Haemoglobin variants
Introduction
In this laboratory practical, we intended to determine the sickle cell disease individuals and distinguish them between individuals carrying the normal haemoglobin variant. This was performed through the implementation of the haemoglobin electrophoresis method that separated the individual’s haemoglobin variants in accordance to their molecular weight.
The haemoglobins are the main cells of human’s blood and are very important in the transportation of oxygen from the lungs to the body’s tissues. They are also involved in the transportation of other waste gases, such as carbon dioxide. A single haemoglobin molecule has the potential to carry up to four oxygen molecules. In fact, the oxygen-binding efficiency of haemoglobin was found to be 1.34 ml per one gram, this is according to the findings of a study that compared the binding-capacity of haemoglobin in healthy and diseases patients (De villota et al., 5545). However, haemoglobin’s oxygen binding efficiency is highly dependent on the type of haemoglobin. For example, HbF (α2γ2) is a physiological haemoglobin that makes up most of foetuses erythrocytes and it has a much greater oxygen-binding capacity due to its molecular structure and charge. A foetal haemoglobin is only normal when it is found in foetal stages of life, otherwise it has the potential to cause a disease if it is found at different stages of life and it is greater than the expected adult amount that is zero to one per cent of the total haemoglobin. Other abnormal haemoglobins can be found in individuals and their existence has been attributed to genetic mutations on the genes they are encoded from. The presence of abnormal haemoglobins can cause very serious diseases that are termed haemoglobinopathies (Wajcman and Moradkhani, 2011).

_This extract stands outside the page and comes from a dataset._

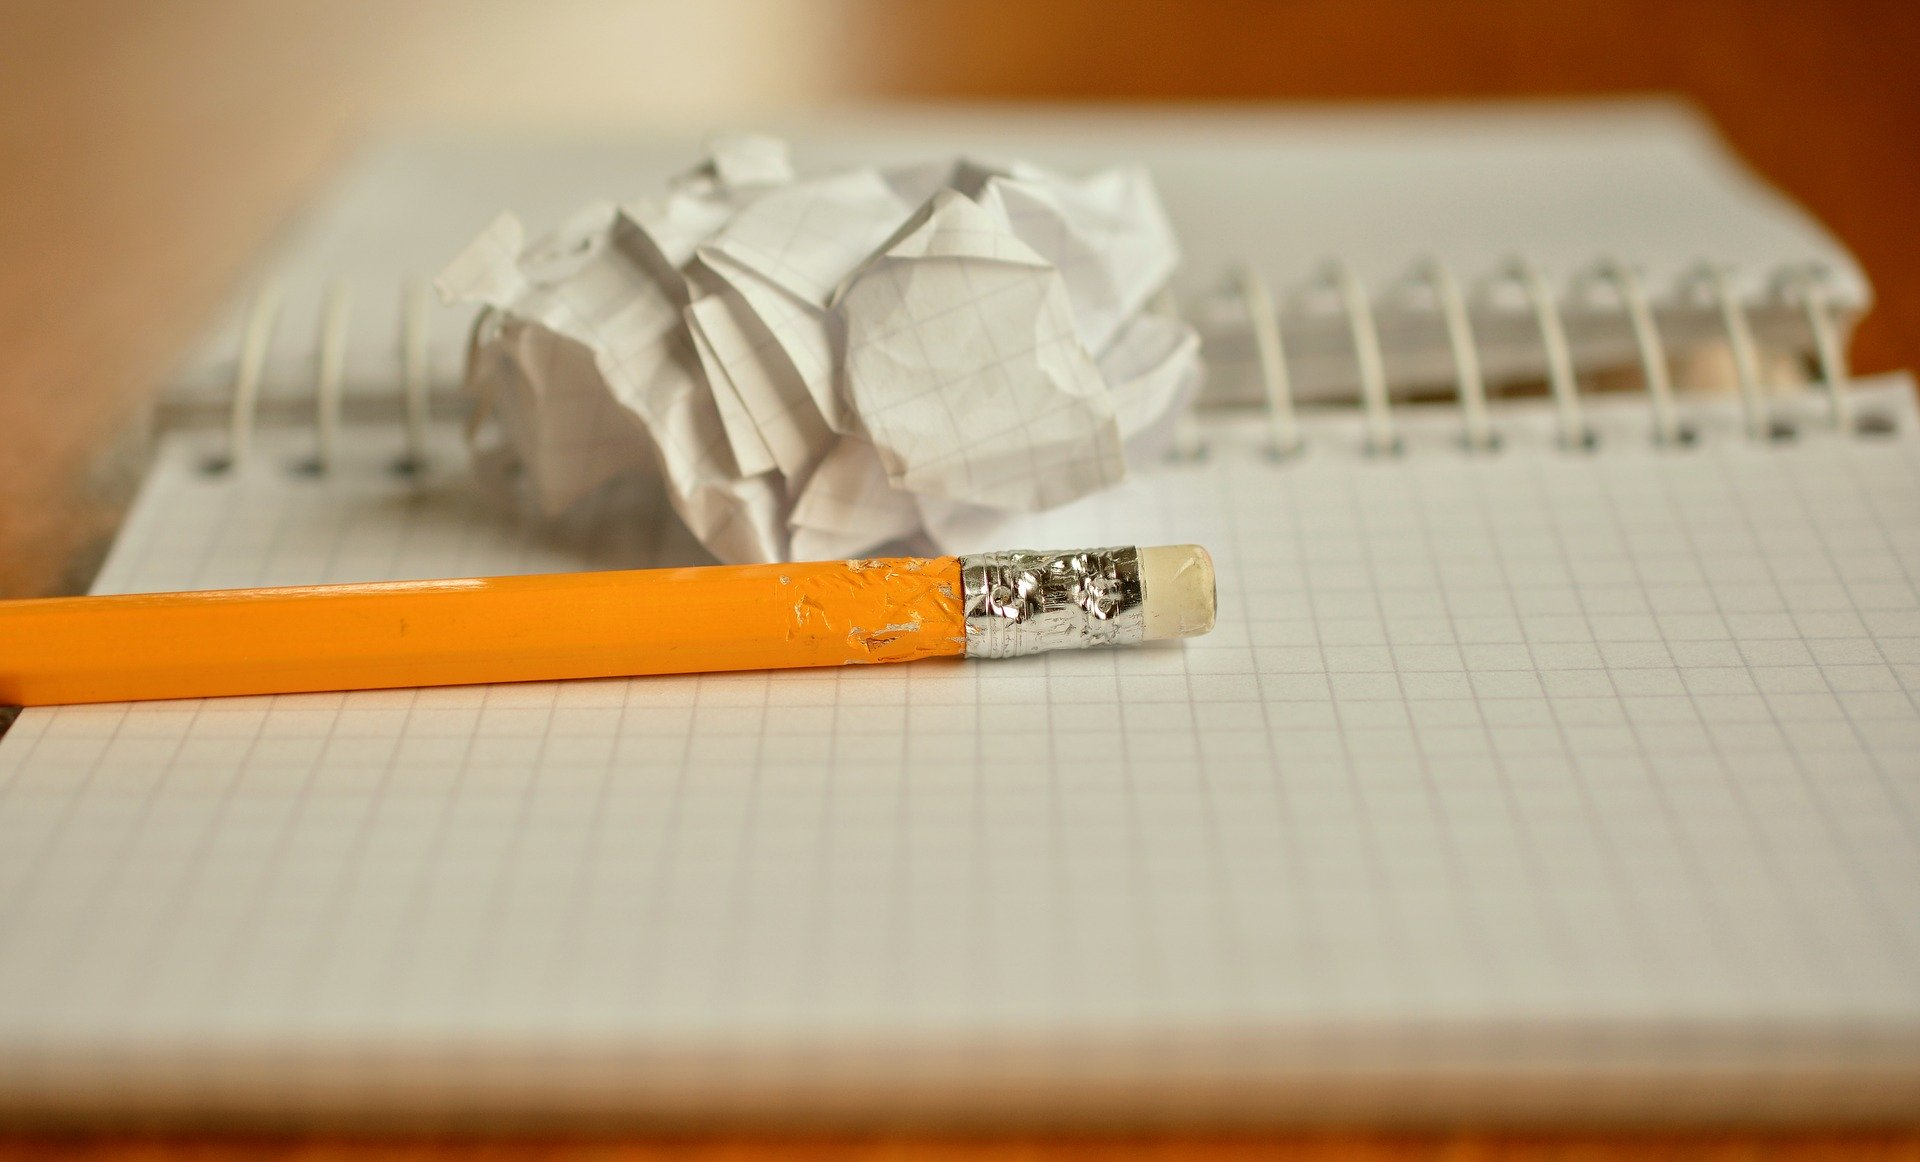 Un cahier, un crayon et une feuille froissée

The types and amount of haemoglobins that can be found in a normal individual are HbA (α2β2), ΗbA2 (α2δ2) and HbF (α2γ2) at an amount of total haemoglobin of 96.5-98.5%, 1.5- 3.5% and 0-1% respectively. On the other hand, genetic mutations have given rise to other abnormal haemoglobins such as HbS (α2βS2) and HbC (α2βC2) that are responsible for sickle cell anaemia and mild chronic haemolytic anaemia. The difference between all these haemoglobin variants is their globin DNA sequences that affects their charge and shape. Moreover, all haemoglobin proteins are tetramers and are composed of four protein subunits. The normal haemoglobin HbA consists of two α2 and two β2 polypeptide subunits. The genetic mutations can happen in both subunits (alpha and beta), however, the majority of the haemoglobin variants are consisted of two normal alpha subunits and two abnormal. Point mutations and deletions of a single nucleotide on the genes encoding the second globin chain result in the production of the βS2 (HbS) and βC2 (HbC) chains. These changes may affect the structure of the haemoglobin, behaviour and its stability (Weatherall et al., 2001).
Results
In this laboratory practical we aimed to distinguish diseased haemoglobin (HbS) between healthy ones. This was achieved through haemoglobin electrophoresis where we recorded the migration distance of the haemoglobin samples and compared them to each other. The results generated are shown on the following figure and table. Figure one is an image of the electrophoresis results that was captured during the practical and table one represents the data generated by figure one but in a tabular form.
Fig. 1 – Haemoglobin electrophoresis-
The above figure is a photographic demonstrations of the individuals’’ haemoglobin proteins after the electrophoresis. The migration distances of all samples have been pointed out on the figure shown as the coloured “arrows”. A ruler has been attached to aid in the determination of the migration distances and the samples’ origin is also clearly marked. The image was provided by Dr Ria Diakogiannaki.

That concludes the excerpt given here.